Ale w Konstytucji stoi: „to rząd prowadzi politykę zagraniczną”.

- Ależ nie o to był spór. Nie o to był spór.

No, trochę o to.

- Panie redaktorze, oczywiście, że nie. Proszę w takim razie wskazać choćby jedno wydarzenie z ostatniego roku, kiedy pan prezydent zaprezentował stanowisko inne niż wspólne stanowisko rządu i prezydenta.

No, na początkowym etapie konfliktu gruzińskiego, tak było.

- Tak nie było, panie redaktorze, takie były nieopaczne wypowiedzi niektórych polityków. Na początku konfliktu gruzińskiego...

Ja nie oceniam, kto ostatecznie miał rację, no bo...

- Jasne, ale ja też przypominam...

...w oczywisty sposób Lech Kaczyński miał rację w tej sprawie, ale rozbieżność była.

- Ja też przypominam, że został powołany sztab, przypominam spotkanie sobotnie, wtedy kiedy rozpoczął się konflikt gruziński w sobotę rano, kiedy ustalono działanie wspólnego sztabu, sam w części miałem okazję w tym uczestniczyć, był wspólny sztab, była jednolita polityka. Nawet jeśli były takie oceny na poziomie werbalnym nieco inne, ale Polska prezentowała absolutnie jednolite stanowisko.

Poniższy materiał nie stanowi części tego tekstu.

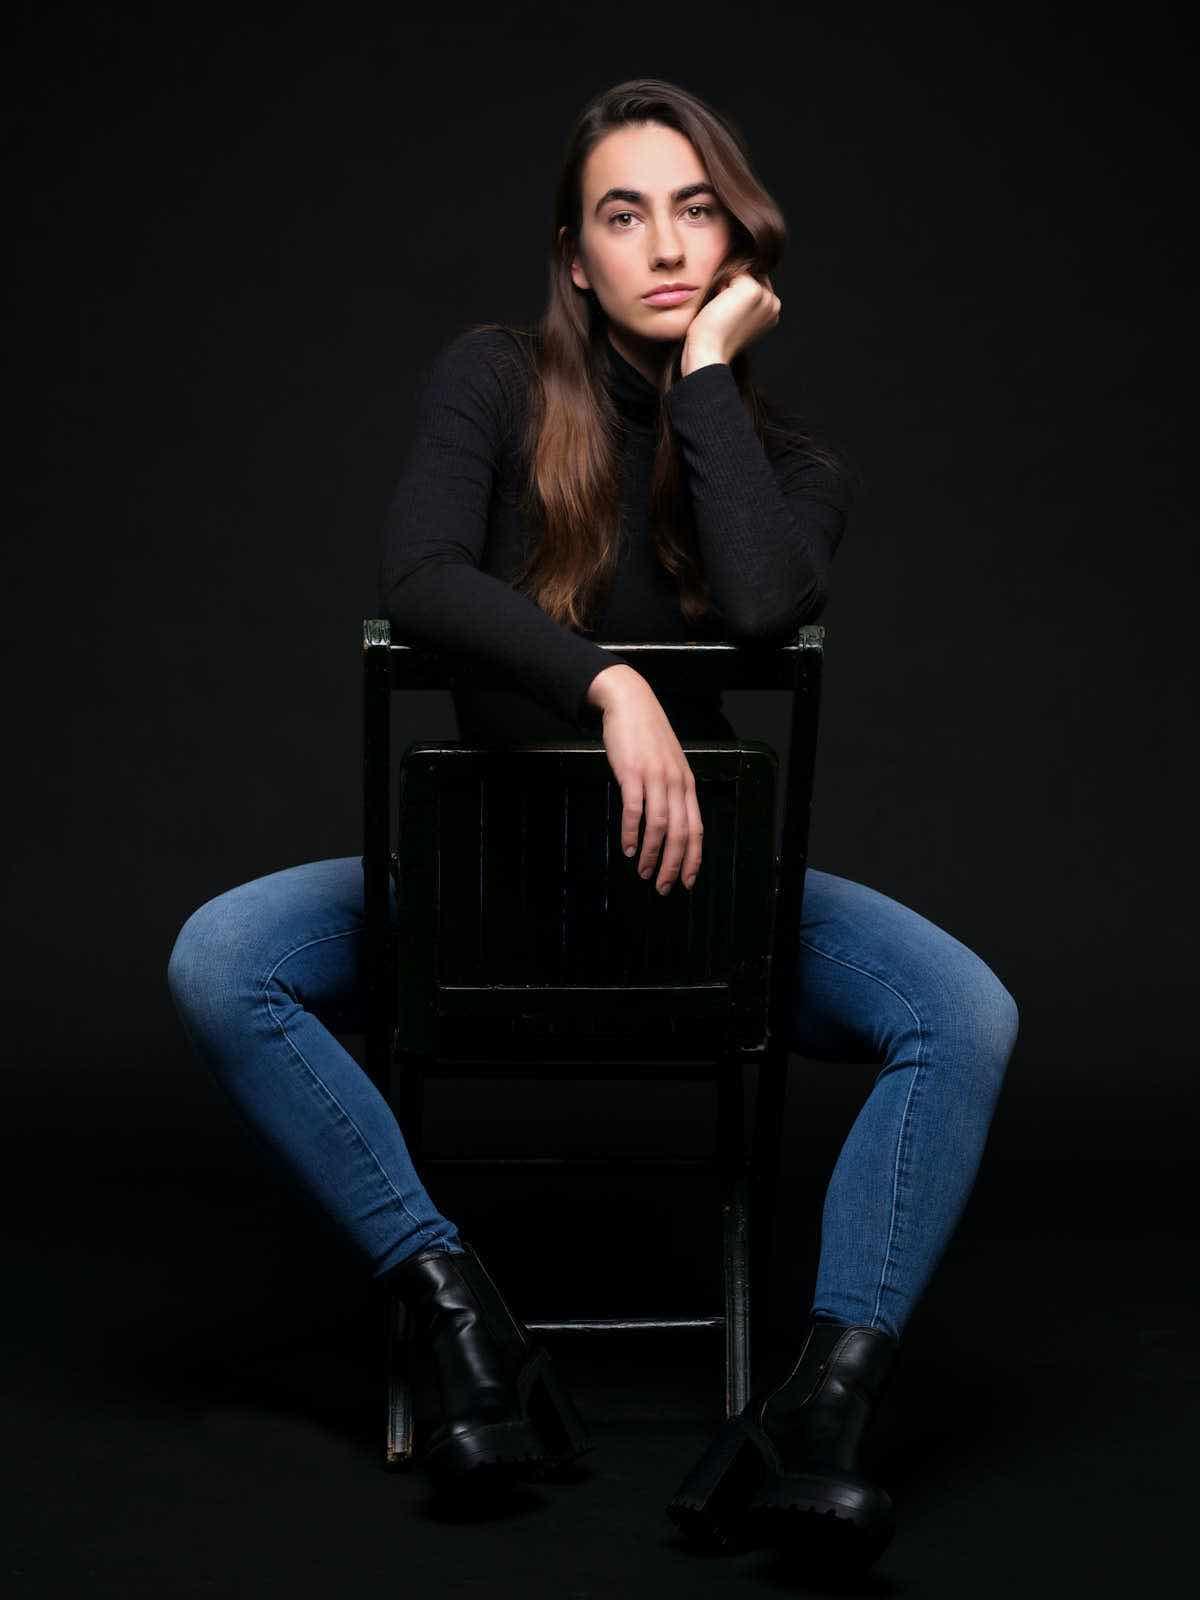 sce-agency-female-model-julia-s-5aa

Powiem więcej – to jest jeden z tych przykładów, który powoduje, że dzisiaj jesteśmy zdumieni. Bo kiedy rząd dzisiaj mówi, że ma jakiś kłopot, kiedy pan premier mówi, że nie potrzebuje prezydenta, to są straszne słowa, tak w Polsce nie można mówić o urzędzie prezydenta.

„Powiem brutalnie: nie potrzebuję pana prezydenta”, tak.

- To są słowa w moim przekonaniu głęboko nieprzemyślane i bardzo szkodliwe dla państwa. Dlaczego tak sądzę? Ano dlatego, że wtedy kiedy prezydent właśnie w tym momencie, kiedy pan mówi, współdziałał z rządem, politycy wypowiadali się na różnych tonach, powiedzmy, ale ja pamiętam – sztab był jeden i sukces polskiej dyplomacji w ten pierwszy weekend polega właśnie na tym, że minister spraw zagranicznych działał na poziomie ministrów spraw zagranicznych, że i inni urzędnicy na swoich szczeblach, wszystko to koordynowane przez prezydenta i premiera przyniosło konkretny sukces, że stanowisko Polski miało duży wpływ na stanowisko Unii Europejskiej.

Z kolei media donoszą...

- A dzisiaj słyszymy, że prezydent jest niepotrzebny Polsce?